Commutative Evolution Laws in Holographic Cellular Automata: AdS/CFT, Near-Extremal D3-Branes, and a Deep Learning Approach
Hyunju Go
TL;DR
Problem: realize commutative evolution laws in a holographic CA consistent with AdS/CFT and capture bulk curvature effects while preserving information. Approach: combine near-extremal D3-brane geometry yielding two Minkowski patches with a Z operator connecting horizon and boundary, and enforce commutativity $[T,Z]=0$; apply torus compactification to render finite degrees of freedom and train a CNN-based deep learning model to learn Z from T. Outcome: the trained DL model discovers nontrivial Z operators that satisfy $TZ=ZT$ for test inputs, indicating curvature information is encoded in the holographic map. Significance: demonstrates a concrete computational pathway to infer bulk curvature from boundary dynamics in a holographic setting and highlights DL's potential to uncover evolution laws subject to commutativity, with prospects to enforce covariance and unitarity in future work.
Abstract
According to 't Hooft, restoring Poincaré invariance in a holographic cellular automaton (CA) requires two distinct evolution laws that commute. We explore how this is realized in the AdS/CFT framework, assuming commutativity as a fundamental principle--much like general covariance once did--for encoding curvature. In our setup, physical processes in a given spacetime are encoded in a CA; to preserve Poincaré symmetry, the spacetime curvature must effectively vanish, so we consider a near-extremal black D3-brane solution, in which both the stretched horizon and the conformal boundary are approximated by Minkowski space. AdS/CFT implies a spatial evolution law connecting these hypersurfaces. Commutativity means the final state does not depend on the order of time evolution on each hypersurface and spatial evolution between them, forcing the time evolution law on the horizon and boundary to coincide.
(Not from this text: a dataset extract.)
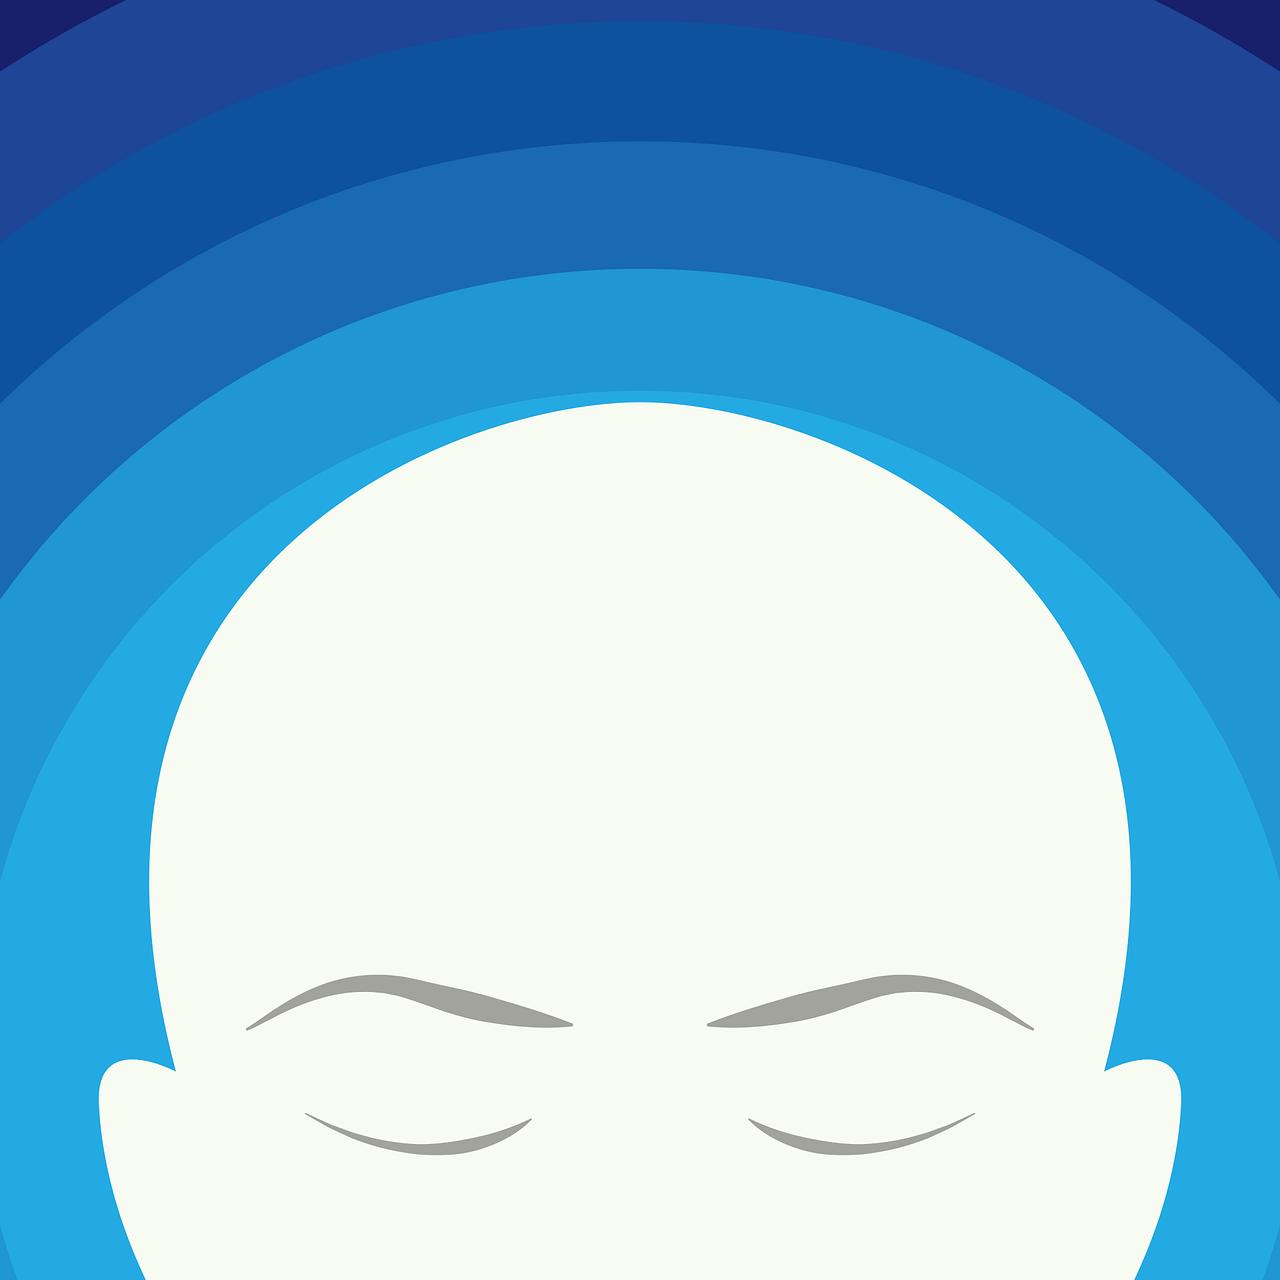 povezanost i mudrost u glavi

To satisfy all these conditions, we aim to demonstrate that the spatial evolution law inevitably encapsulates the curvature of the bulk, including quantum effects. For a computational model, we compactify the hyperplanes to tori, reducing the degrees of freedom to a finite number; taking these tori to infinite size then restores Poincaré symmetry. We propose a deep learning algorithm that, given a known time evolution law and commutativity, deduces the corresponding spatial evolution law.